The modifier pipeline runs in a fixed order during Phase 4 of the extraction pipeline: format transforms first (converting dates or numbers to your target format), then alias mapping (replacing values using a lookup), and finally max_length truncation. Constraint evaluation happens after all modifiers have been applied, so constraints validate the final transformed value, not the raw extraction.

For best results, use manual instructions sparingly and only for fields that the registry cannot match. A well-written instruction should describe the field in plain language, specify where in the document to look, and note any formatting expectations. Avoid vague instructions like "extract the value" — instead, write something like "Extract the net payment amount from the invoice summary section, excluding VAT."

Add a field with format constraint and reference table
curl -X POST https://api.talonic.com/v1/schemas/us_def456/fields \
  -H "Authorization: Bearer $TALONIC_API_KEY" \
  -H "Content-Type: application/json" \
  -d '{
    "display_name": "Purchase Order Number",
    "data_type": "string",
    "manual_instruction": "Extract the PO number from the order reference section",
    "constraints": {
      "format": {
        "type": "regex",
        "pattern": "PO-\\d{6}",
        "on_format_mismatch": "flag"
      }
    },
    "modifiers": {
      "max_length": 20
    },
    "output_name": "po_number"
  }'
Configure a bypass strategy (constant value)
curl -X PATCH https://api.talonic.com/v1/schemas/us_def456/fields/fld_xyz \
  -H "Authorization: Bearer $TALONIC_API_KEY" \
  -H "Content-Type: application/json" \
  -d '{
    "strategy": "constant",
    "constant_value": "USD"
  }'

# The field will always resolve to "USD" without any LLM call.
# Bypass strategies execute during Phase 1, before AI extraction.

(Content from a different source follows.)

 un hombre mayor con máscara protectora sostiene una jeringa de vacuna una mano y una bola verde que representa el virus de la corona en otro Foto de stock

Schema features can be combined to build sophisticated field definitions. For example, a "Vendor Code" field might use a reference table for code mapping, a format constraint to validate the output format (^V\d{5}$), an alias modifier to normalize legacy codes, and an output name remap for the downstream ERP system. Each feature operates at a different stage of the pipeline — bypass strategies in Phase 1, extraction instructions in Phase 2, reference table lookups in Phases 1 and 3, and modifiers plus format constraints in Phase 4 — so they compose without conflicts.

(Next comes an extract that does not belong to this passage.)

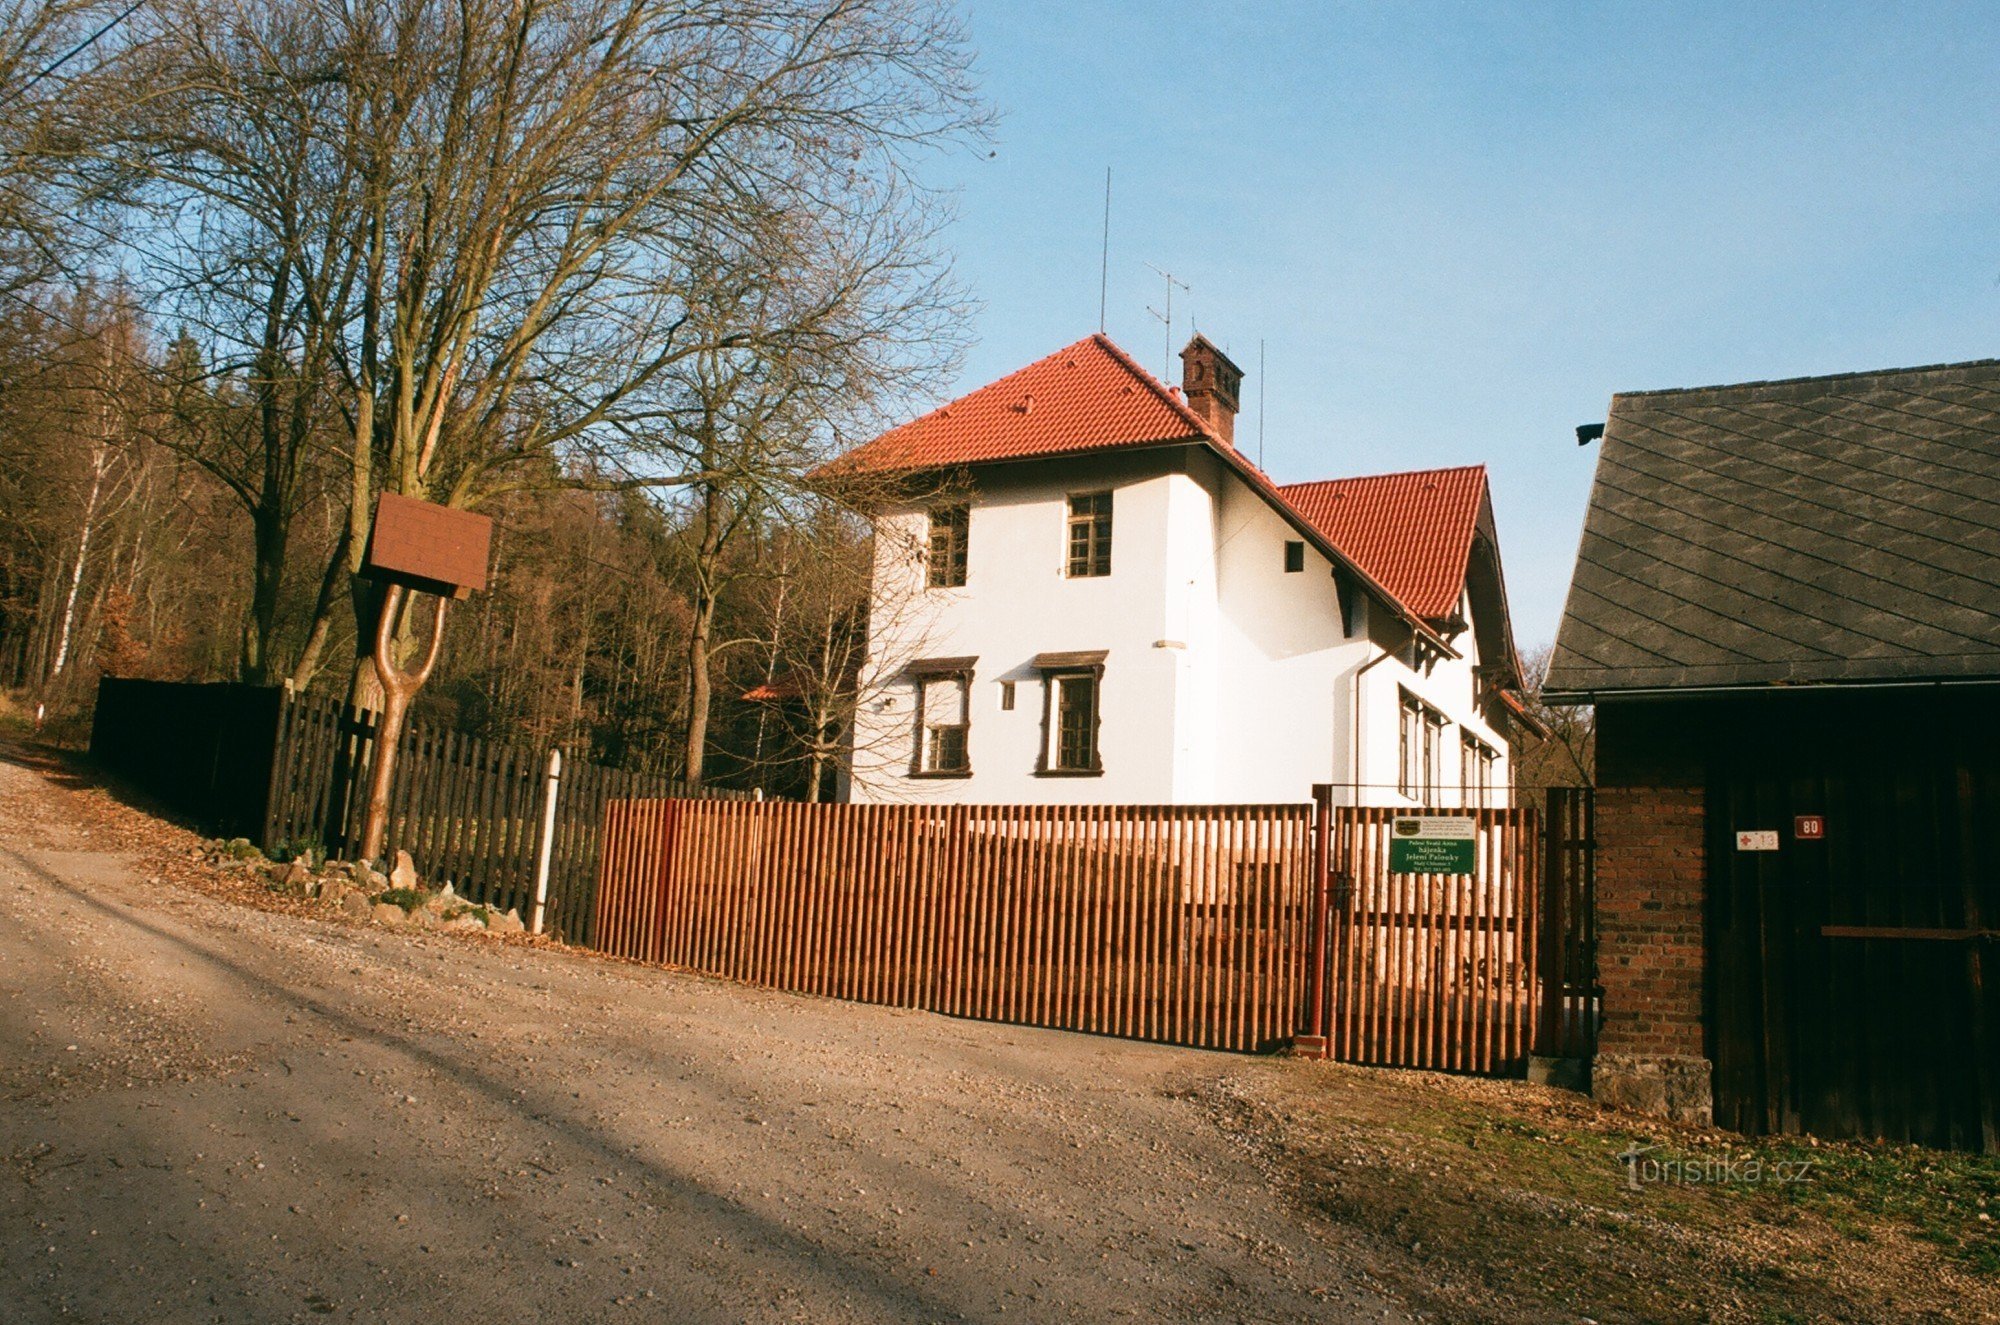 Khu bảo tồn trò chơi Jelení palouky gần Hradec

For the complete JSON Schema specification with all features, see the Full Schema Reference in the Platform Guide.

Frequently asked questions

What advanced features do schema fields support?+
Format constraints (regex), modifiers (format/alias/max_length), constraints (required/enum/date-format), bypass strategies, reference tables, manual instructions, capture submoves, and output name remapping.
Can I override AI extraction instructions with my own?+
Yes. Use the Manual instruction feature on a schema field. User-written instructions override the AI-synthesized master instruction from the field registry.
In what order are modifiers applied to extracted values?+
Modifiers run in a fixed order: format (date/number conversion) first, then alias (value mapping), then max_length (truncation). Constraints are evaluated after all modifiers complete.
How do I configure a field to skip LLM extraction entirely?+
Use a bypass strategy on the field. Set strategy to "constant" for a fixed value, "generator" for deterministic IDs, or "reference" for lookup-based resolution. Bypass strategies execute during Phase 1 at zero AI cost. If the bypass fails to produce a value, the field falls through to LLM extraction as a safety net.